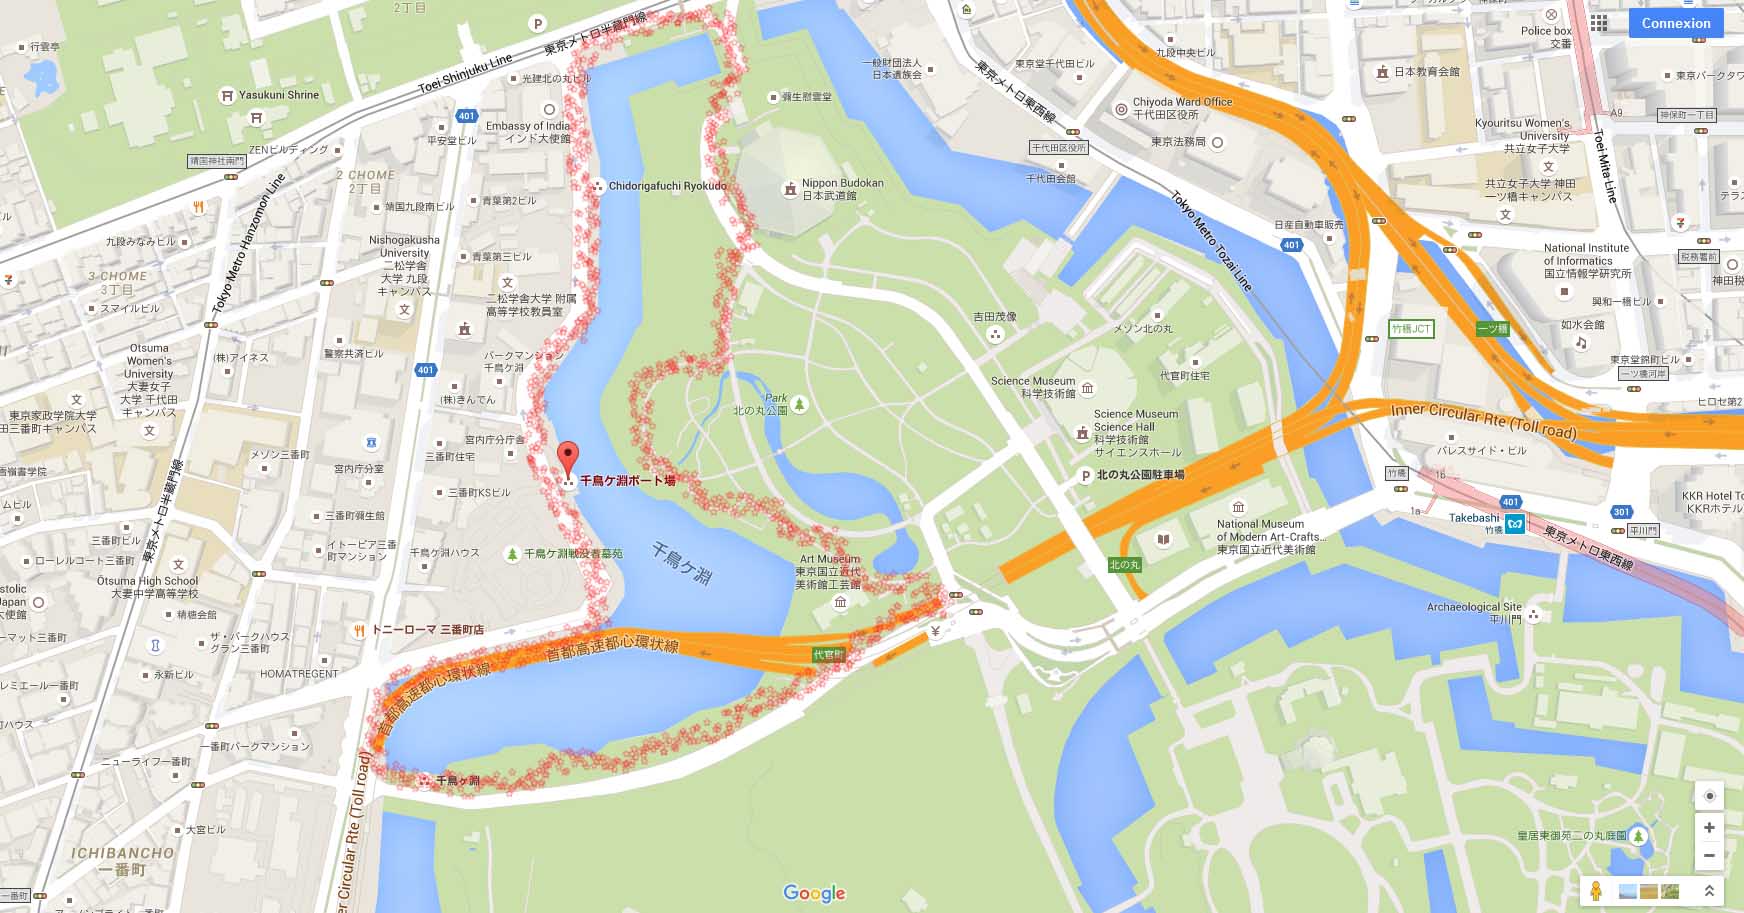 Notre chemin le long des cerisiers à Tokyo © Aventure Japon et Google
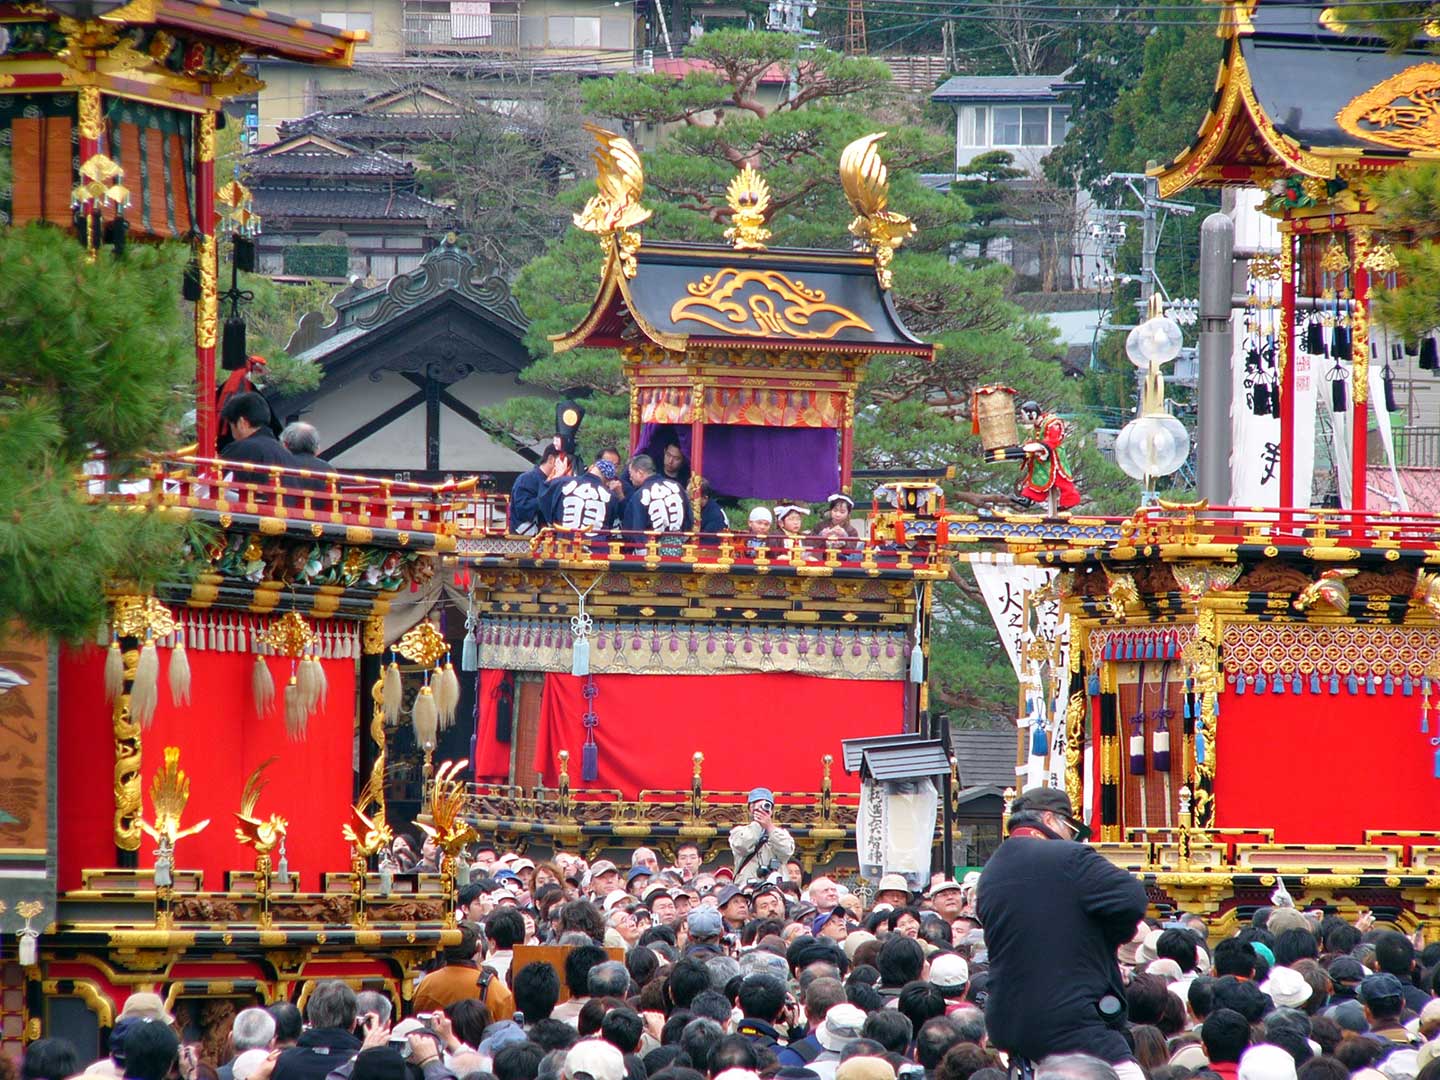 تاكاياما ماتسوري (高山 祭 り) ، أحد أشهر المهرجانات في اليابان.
================
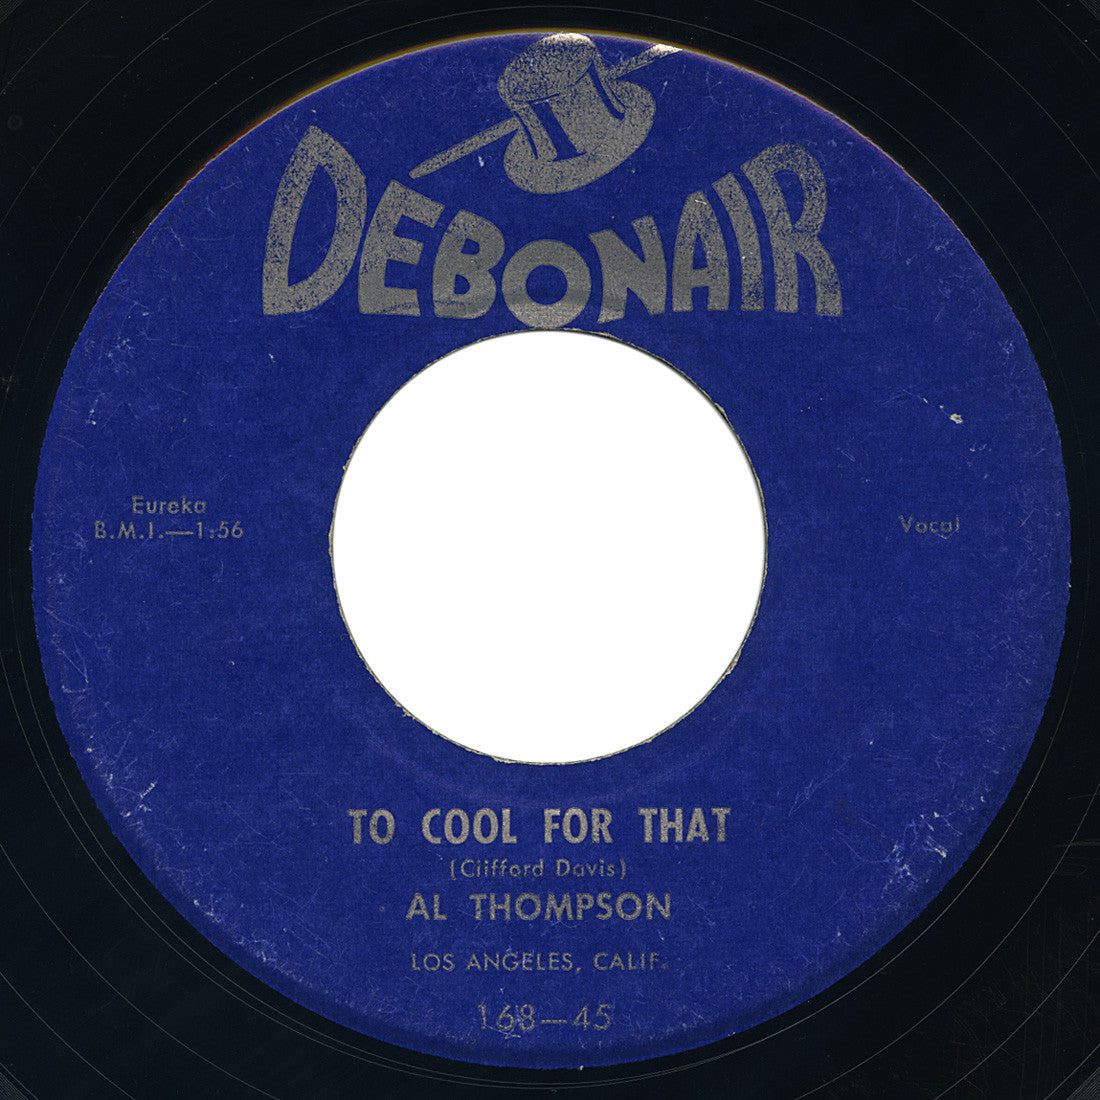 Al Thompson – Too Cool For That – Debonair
================
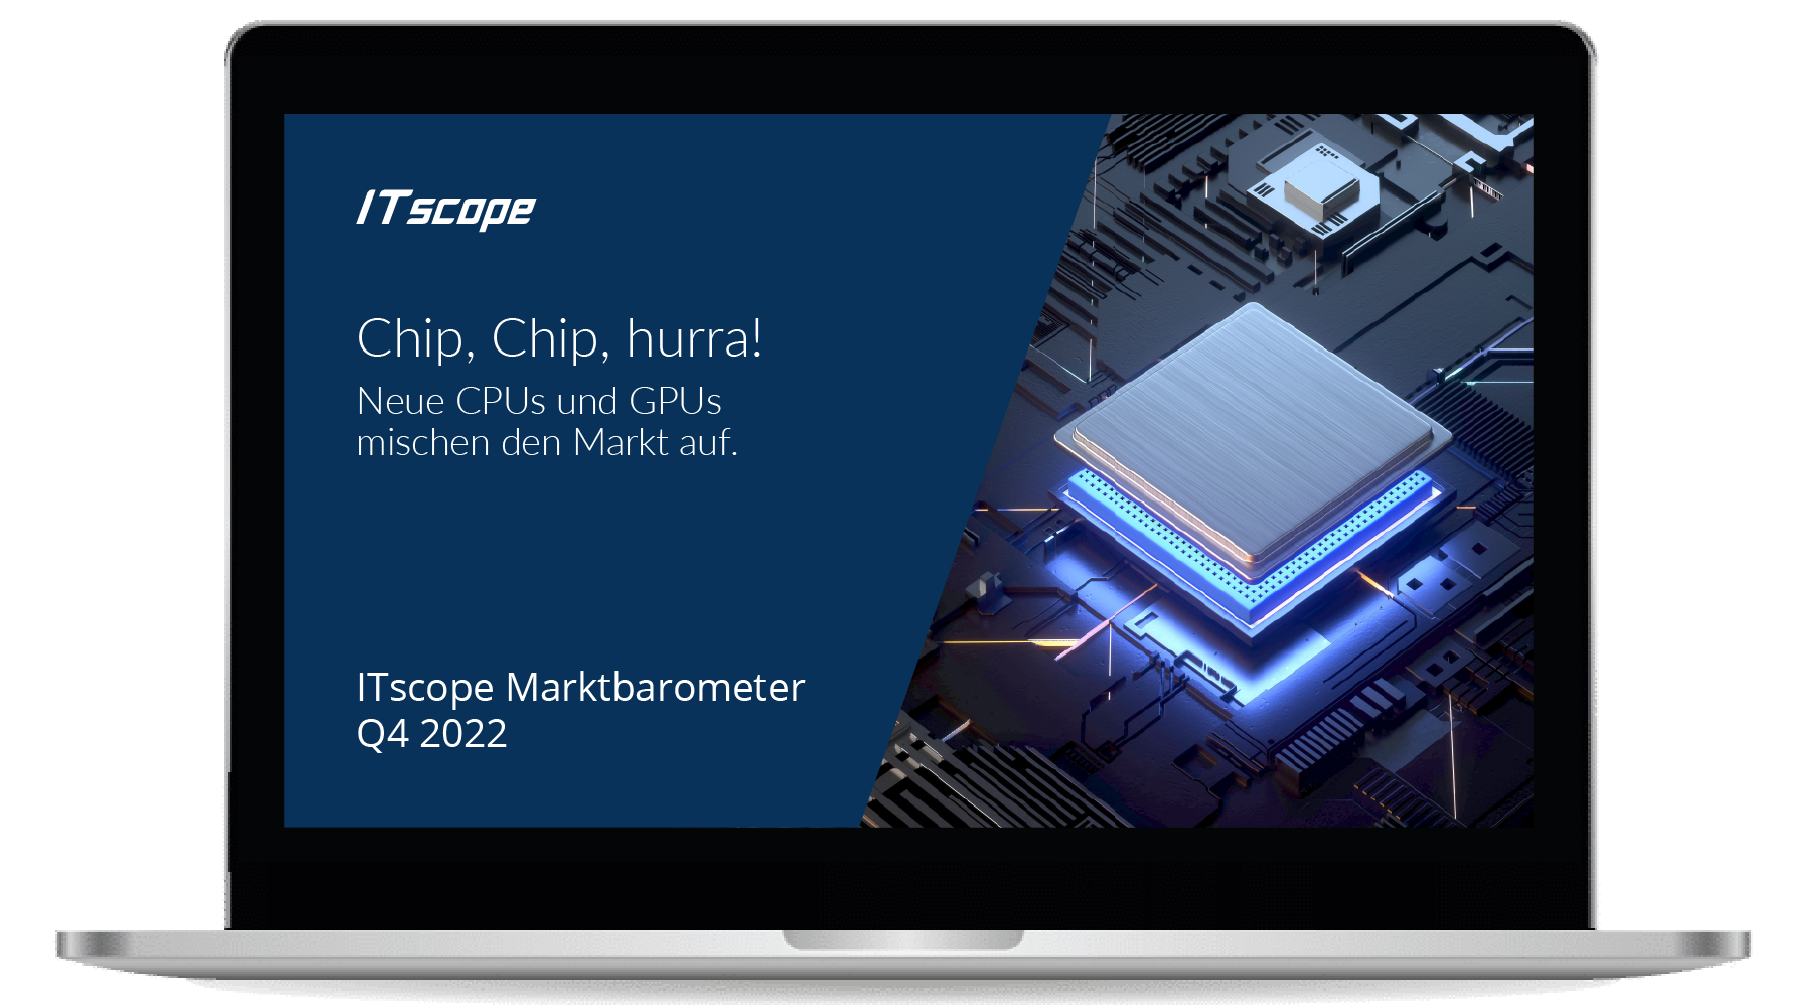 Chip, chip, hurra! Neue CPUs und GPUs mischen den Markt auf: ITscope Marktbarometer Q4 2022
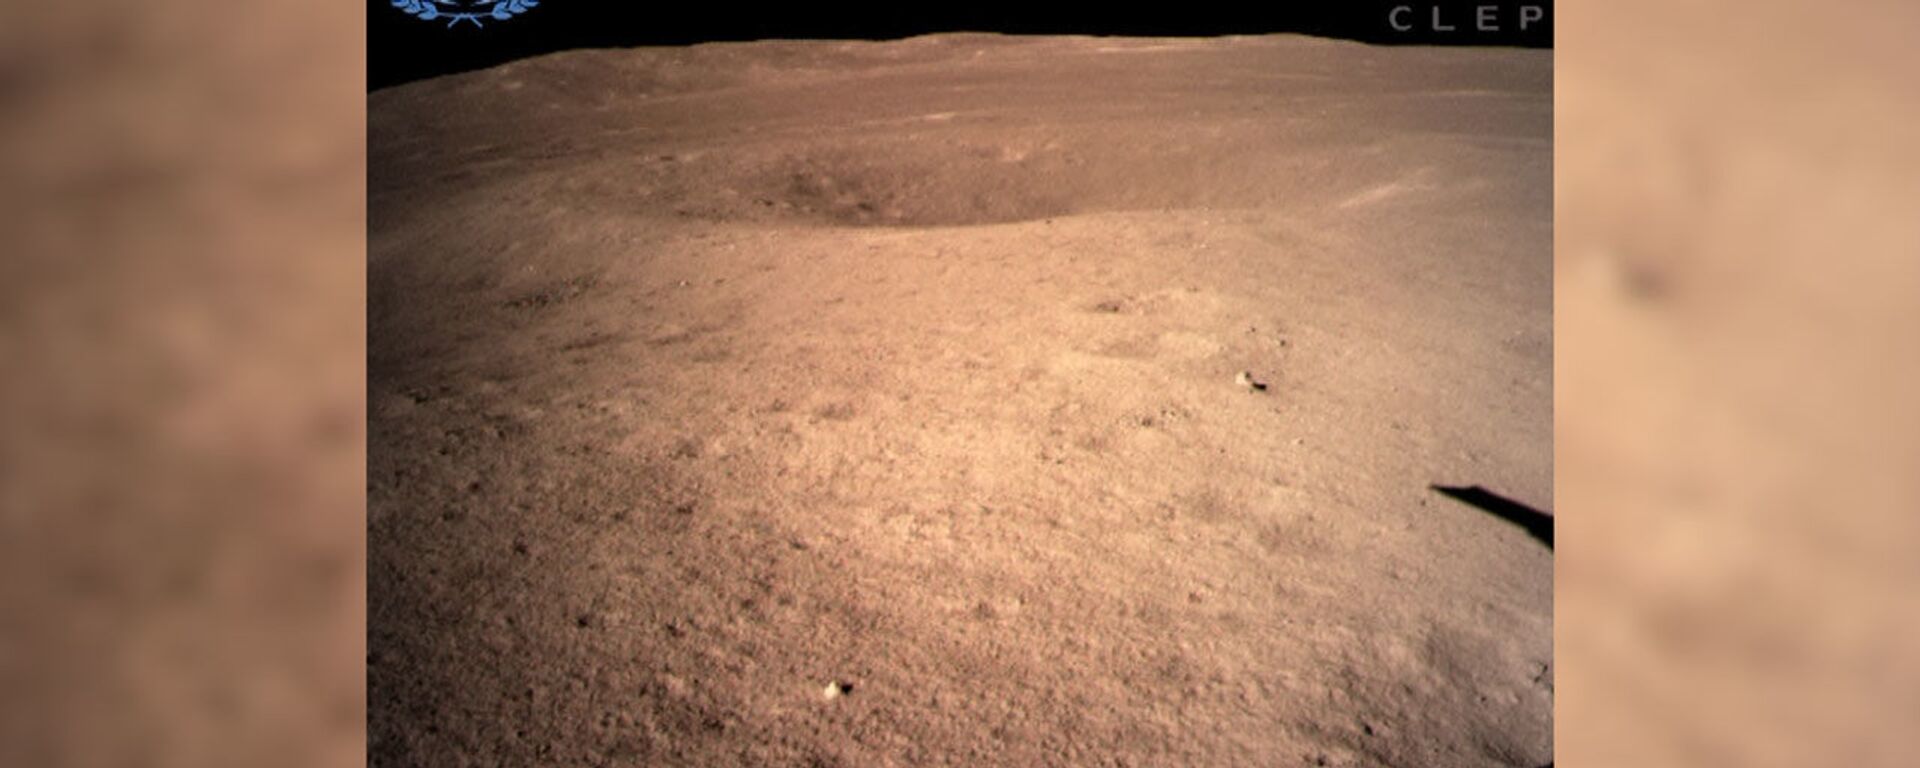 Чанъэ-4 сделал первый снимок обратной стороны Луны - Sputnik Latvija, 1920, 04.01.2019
================
WHAT TO DO
Using the records above, return word for word the lines that begin at the one containing "Notre chemin le" and end at the one containing "تاكاياما ماتسوري (高山", both of them included and no pictures.

EXERCISE RESULT
 Notre chemin le long des cerisiers à Tokyo © Aventure Japon et Google
 تاكاياما ماتسوري (高山 祭 り) ، أحد أشهر المهرجانات في اليابان.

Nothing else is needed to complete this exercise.